Selamat pagi, siang, sore, malam, subuh, wahai Pembaca Budiman. Ini adalah sesi publikasi ulang tips-tips lama dari blog terdahulu Impy yang berjudul "Welcome to My Perfect World". Aku memutuskan untuk menutup blog tersebut, karena mengurus dua blog sama dengan mengurus dua warung. Ternyata. aku tidak sanggup mengurus dua warung!

Masalahnya, aku lupa apakah aku pernah memublikasikan tips ini di suatu tempat, atau bahkan di blog Review Impy? Otak ini memang tidak didisain untuk mengingat hal-hal seperti itu, jadi mohon maaf lahir dan batin kalau ini terasa seperti publikasi ganda. Ekhem ... kalau bisa kalian beri tahu aku apakah ini publikasi ganda atau bukan, h3h3!

Cukup berbasa-basi, mari menuju ke konten sesungguhnya!

Setiap orang pasti memulai sesuatu dari bawah, semua orang pasti mengalami yang namanya fase pemula. Tidak ada orang di dunia yang ujug-ujug terlahir sukses dan bisa segalanya. Menjadi pemula bukanlah sebuah kesalahan, tapi yang salah adalah kalau kalian tidak mau move-on dari fase pemula itu. Makanya marilah kita melihat kesalahan-kesalahan yang biasa dibuat penulis pemula.

Daftar ini bukan dibuat untuk menjatuhkan para penulis pemula. Sebaliknya, tentu saja penulis pemula bisa belajar dari kesalahan-kesalahan tersebut, lalu memperbaikinya. Semangat menulis ada dalam diri maing-masing, jangan mudah menyerah hanya karena kalian merasa ada di dalam daftar ini.

1. Terlalu Banyak Tanda Seru dan Tanda Tanya

Tentu saja, pasti ada kalimat yang harus di akhiri dengan kedua tanda baca tersebut, khususnya dalam dialog. Namun, jika dalam satu dialog ada lebih dari lima tanda baca itu, mungkin kalian harus mulai melakukan revisi. Misalnya ....

"Apa??? Dia dapat nilai seratus??? Bagaimana bisa???"

"Kau tidak akan bisa menangkapku!!! Aku adalah Raja dunia, HAHAHA!!!"

"TIDAAAKKK!!!!!!!!"

Kalian yakin dialog di atas enak dibaca?
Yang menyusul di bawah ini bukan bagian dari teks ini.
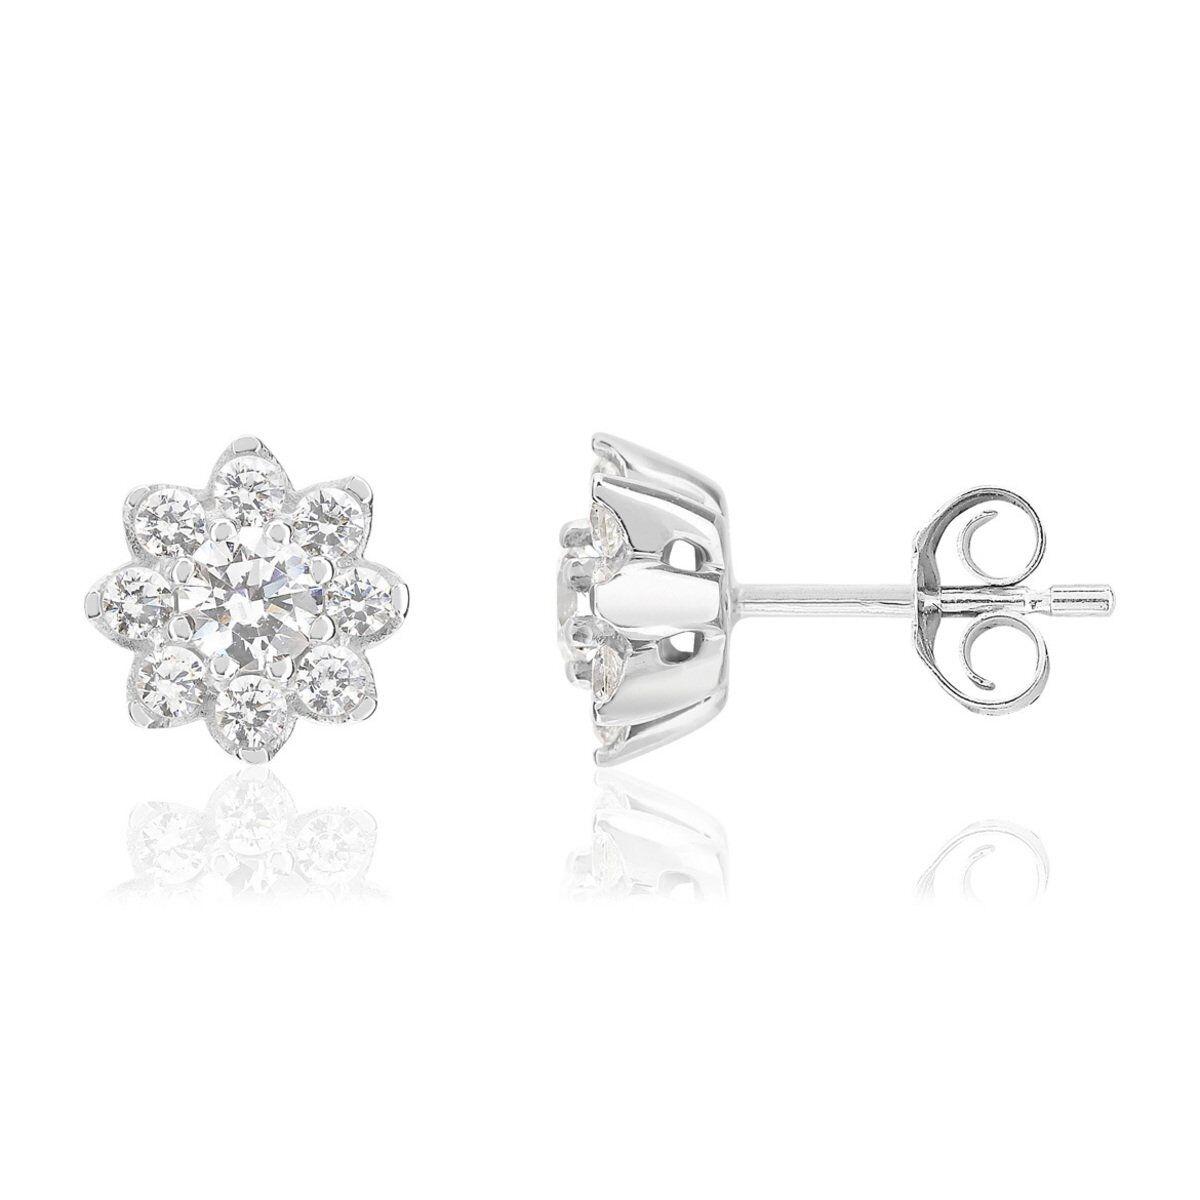 MATY Boucles d'oreilles or 750 blanc fleurs diamants synthétiques 0,79 carat- MATY
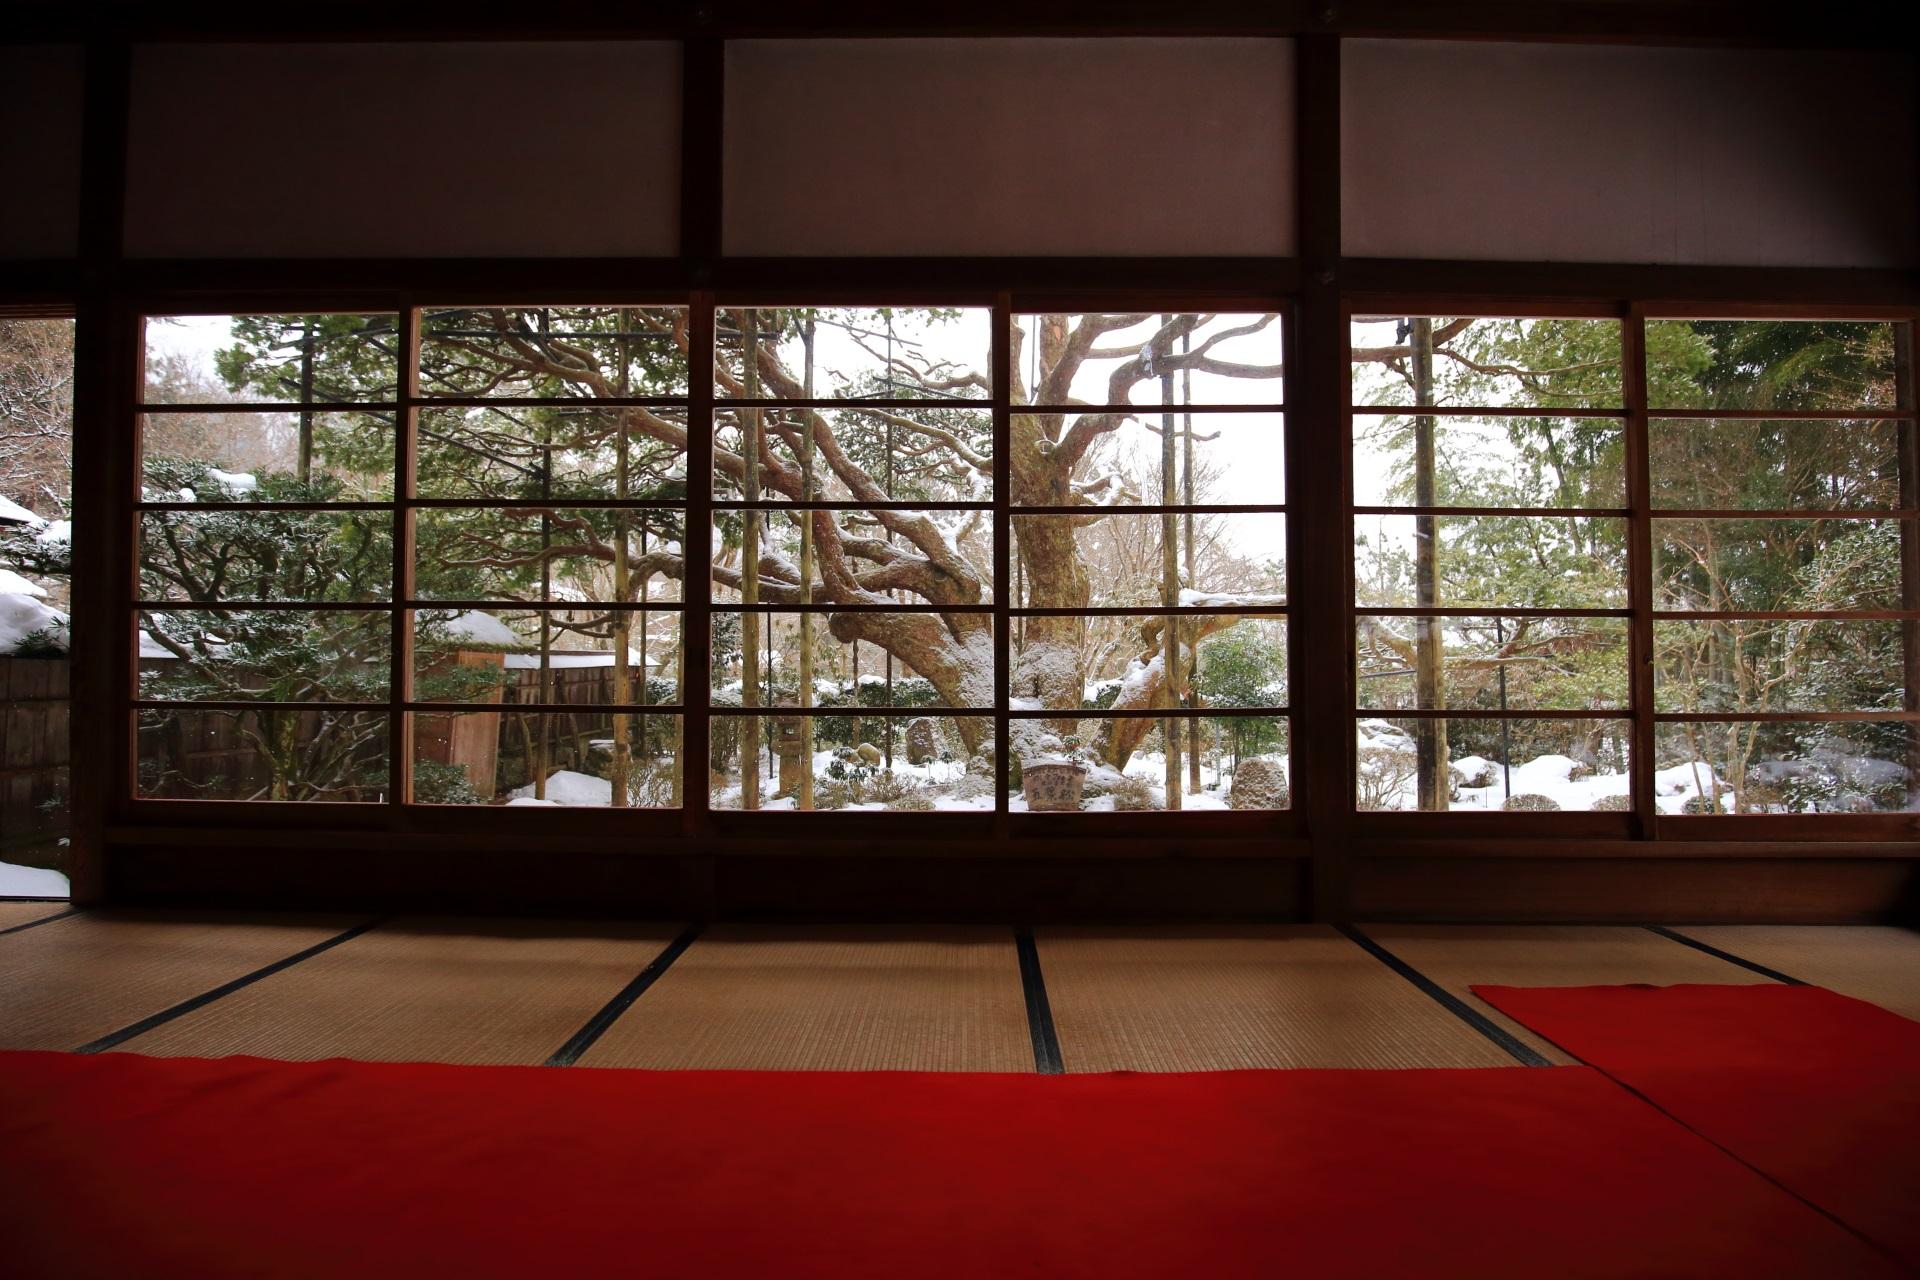 雪が強くなるとガラス戸を締める宝泉院の額物庭園

Enak ditenggelamkan ke rawa-rawa mungkin iya. Kelemahan penulis pemula adalah belum mahir membangun intonasi serta emosi kuat dalam dialog. Makanya penulis pemula memakai tanda baca sebanyak mungkin, berharap emosi dalam tulisan mereka lebih terlihat. Padahal malah sebaliknya, itu sangat mengganggu.

Bagaimana cara mengatasinya?

Batasi penggunaan tanda tanya dan tanda seru dalam dialog, dan cobalah bermain-main dengan  dialog aksi. Sekali pun harus memakai lebih dari satu tanda baca, maksimal tiga saja. Itu pun kalau benar-benar dibutuhkan. Satu hal lagi, Jangan pernah menggunakan keduanya sekaligus (!?).

Jangan juga menggunakan tanda seru dan tanda tanya di dalam narasi, kecuali kalau narasi itu tergolong narasi batin saat sudut pandang mengambil orang pertama.

2. Pamer Pengetahuan

Setiap novel pasti membutuhkan riset, entah untuk referensi, atau sekadar pelengkap kelogisan latar cerita. Biasanya setelah penulis selesai reset, mereka ingin membagi ilmu yang didapat dari hasil riset tersebut kepada pembaca, benar, 'kan?

Penulis akan menjabarkan segala hasil riset mereka ke dalam cerita secara gamlang, padahal itu adalah cara yang kurang tepat. Kalian akan lebih terlihat sedang menggurui pembaca daripada membuat cerita. Misalnya begini, kalian baru saja mencari khasiat sebuah obat, dan kalian membuat penjabaran seperti ini ....

Impy mengambil sebutir tablet yang mengandung Paracetamol, Pseudoephedrine, Dextrometophan yang mampu meredakan flu dan batuk.

Tolonglah, Penulis Pemula ... pembaca kalian bukan Einstein, tidak ada yang peduli apa isi dari obat tersebut kecuali berpengaruh pada plot, kemungkinan besar pembaca akan melewati semua nama-nama ilmiah yang kalian temukan dalam Wikipediah itu. Jadi, cukuplah kalian membuat penjabaran yang singkat, padat, dan jelas.

Impy segera menelan sebutir obat flu, itu cukup untuk membuat bersin dan batuknya mereda.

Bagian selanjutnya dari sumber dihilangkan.